Kathleen Turner: Trump’s judges threaten reproductive rights for generations to come
I was 19 years old when I first visited a Planned Parenthood health center. It was 1973, the same year the supreme court recognized a constitutional right to abortion in the landmark Roe v Wade decision. Decades later, who possibly could have thought that my daughter’s generation would still be fighting for the legal right for women to control our own bodies?

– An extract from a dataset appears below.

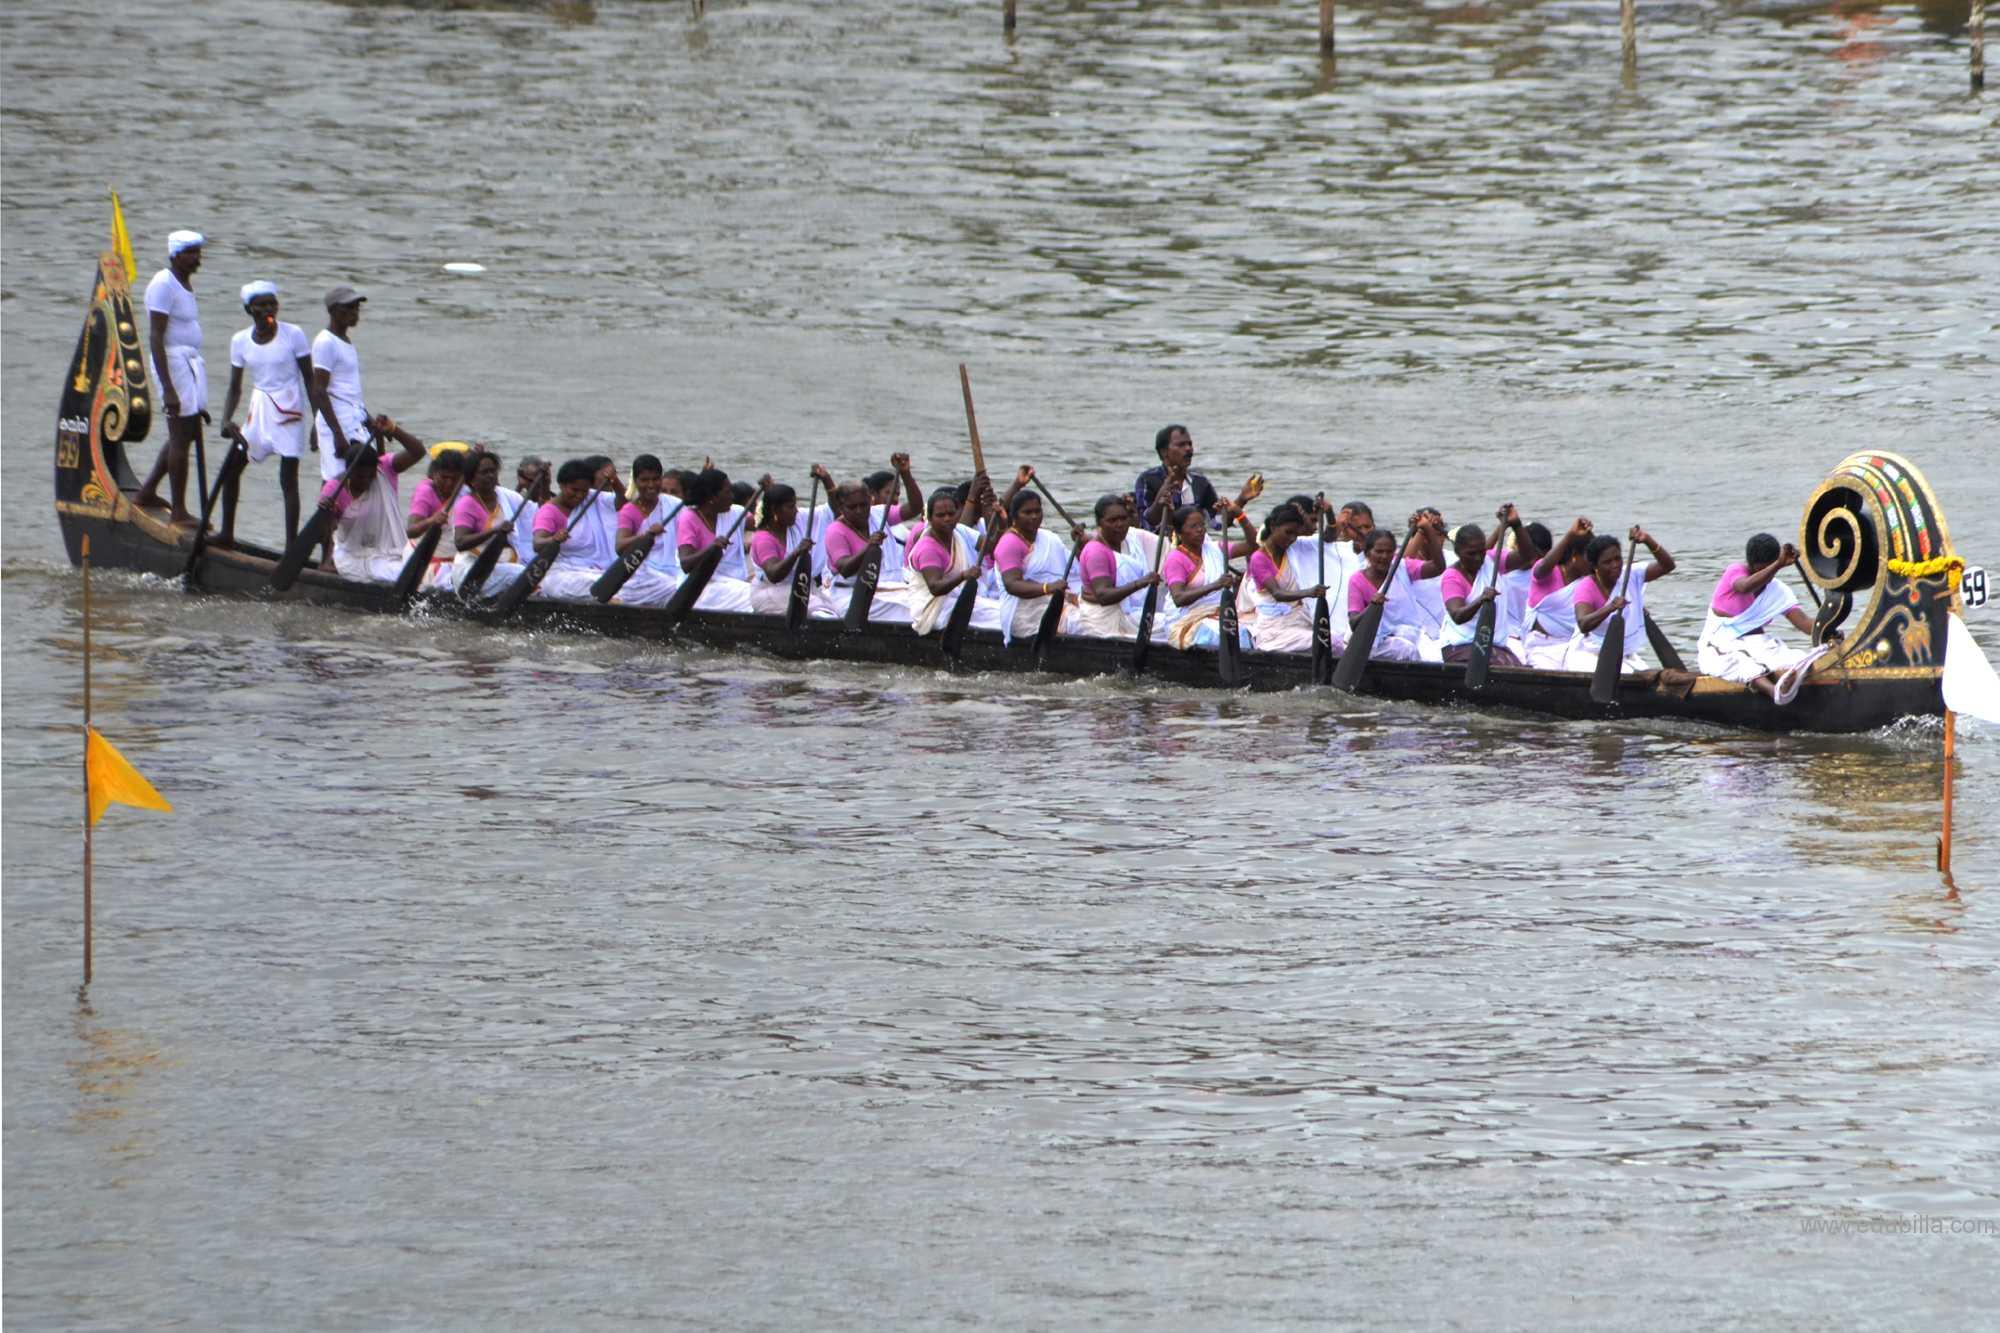 Kandassankadavu Boat Race

Anti-choice activists and lawmakers have been systematically chipping away at reproductive freedom at all levels of government, and too often doing so under the radar so that few will notice. In my travels I have met educated, successful women who have no idea of the restrictions being enacted in their own states. I’ll never forget a woman I met in Houston who, after I mentioned that Texas had passed a mandatory waiting period for abortions, responded: “No, I would know that.” But we don’t always know – and that’s part of the success of the anti-choice movement.
After years of this type of erosion, the Trump administration is now taking big and permanent swings at reproductive rights by nominating extreme anti-choice figures to serve as judges in lifetime positions.